There are enough officers of each rank. But there is a special rule must obey: if x and y are two distinct cities and their officers have the same rank, then on the simple path between x and y there must be a city z that has an officer with higher rank.
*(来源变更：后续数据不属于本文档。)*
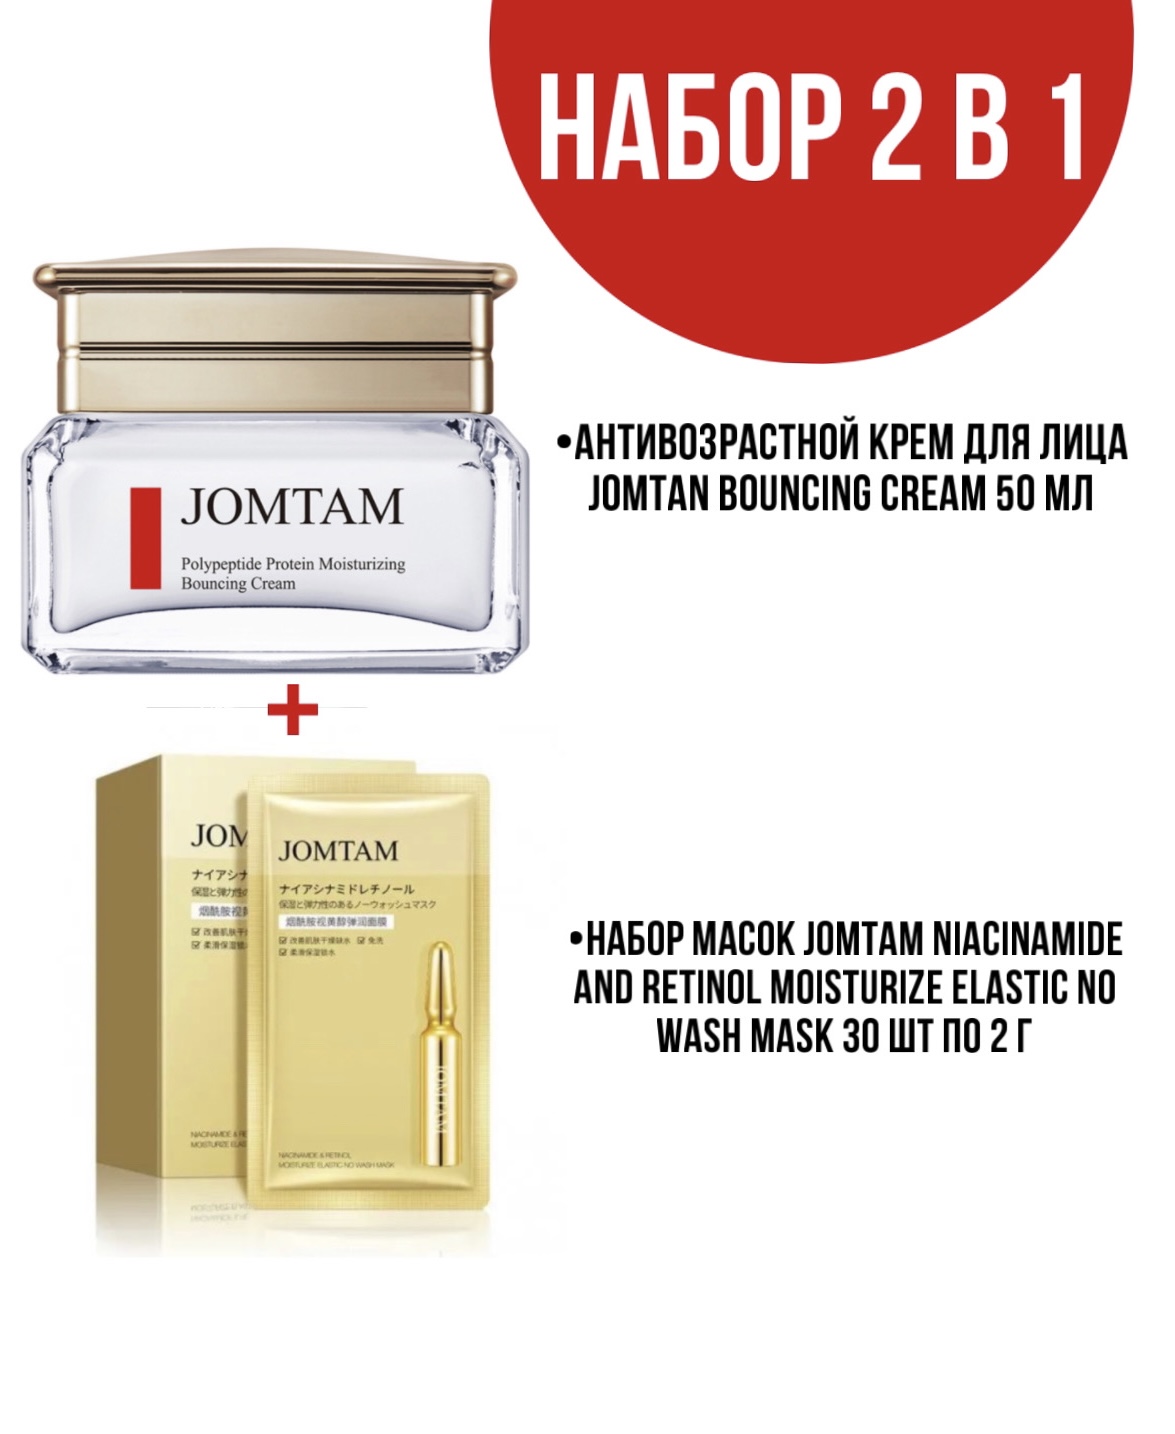 Крем Jomtam Bouncing Cream для лица 50 мл и набор масок Jomtam Niacinamide 30 шт по 2 г joypretty полипептидный крем для глаз с несколькими эффектами 20 г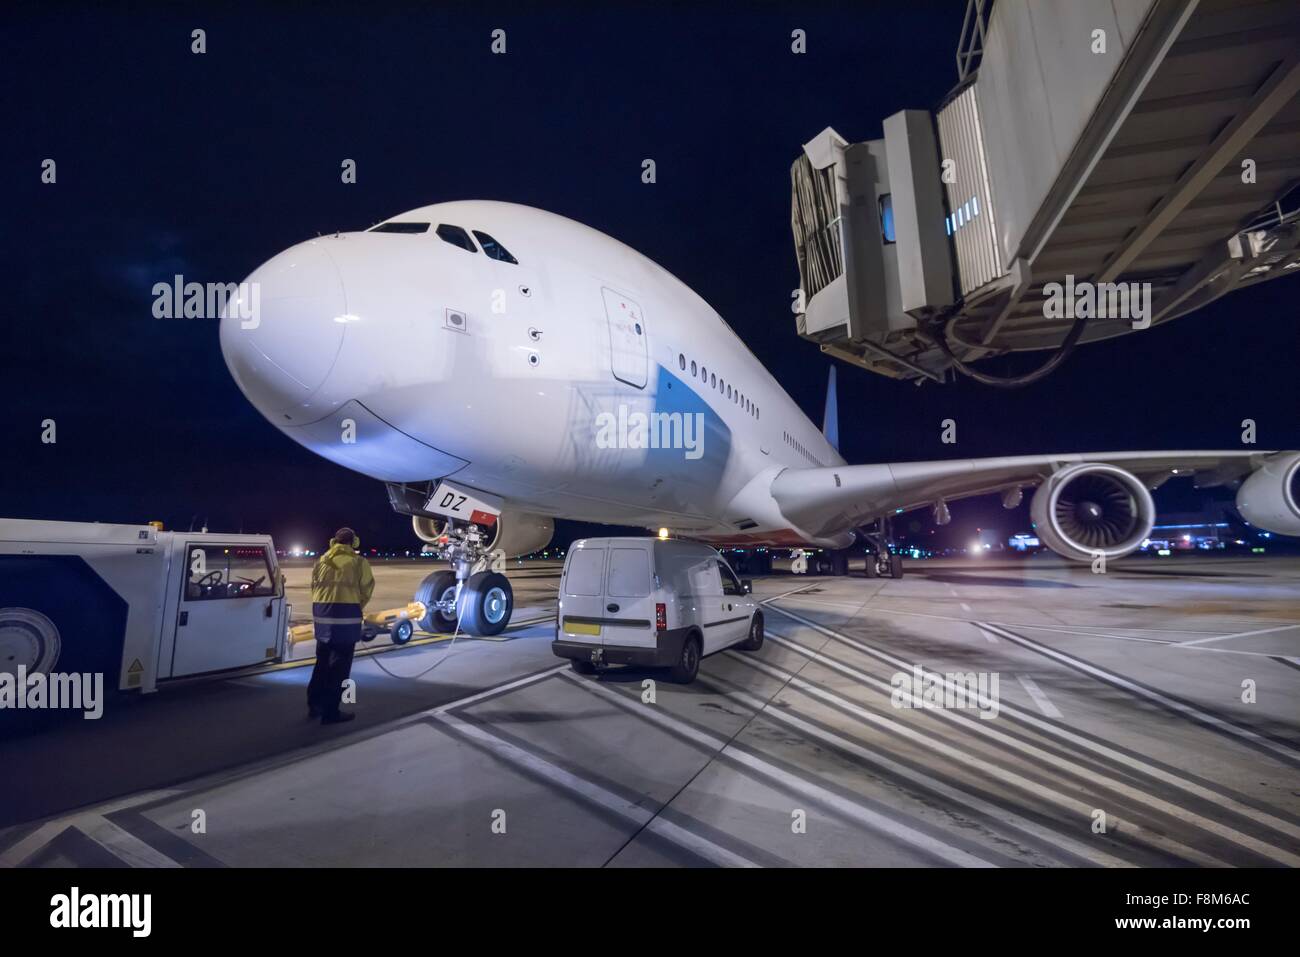 Ingeniero jefe con aviones A380 en la pista durante la noche Foto de stock

The rule guarantee that a communications between same rank officers will be monitored by higher rank officer.
Help Ciel to make a valid plan, and if it's impossible, output "Impossible!".
The first line contains an integer n (2 ≤ n ≤ 105) — the number of cities in Tree Land.
Each of the following n - 1 lines contains two integers a and b (1 ≤ a, b ≤ n, a ≠ b) — they mean that there will be an undirected road between a and b. Consider all the cities are numbered from 1 to n.
It guaranteed that the given graph will be a tree.
If there is a valid plane, output n space-separated characters in a line — i-th character is the rank of officer in the city with number i.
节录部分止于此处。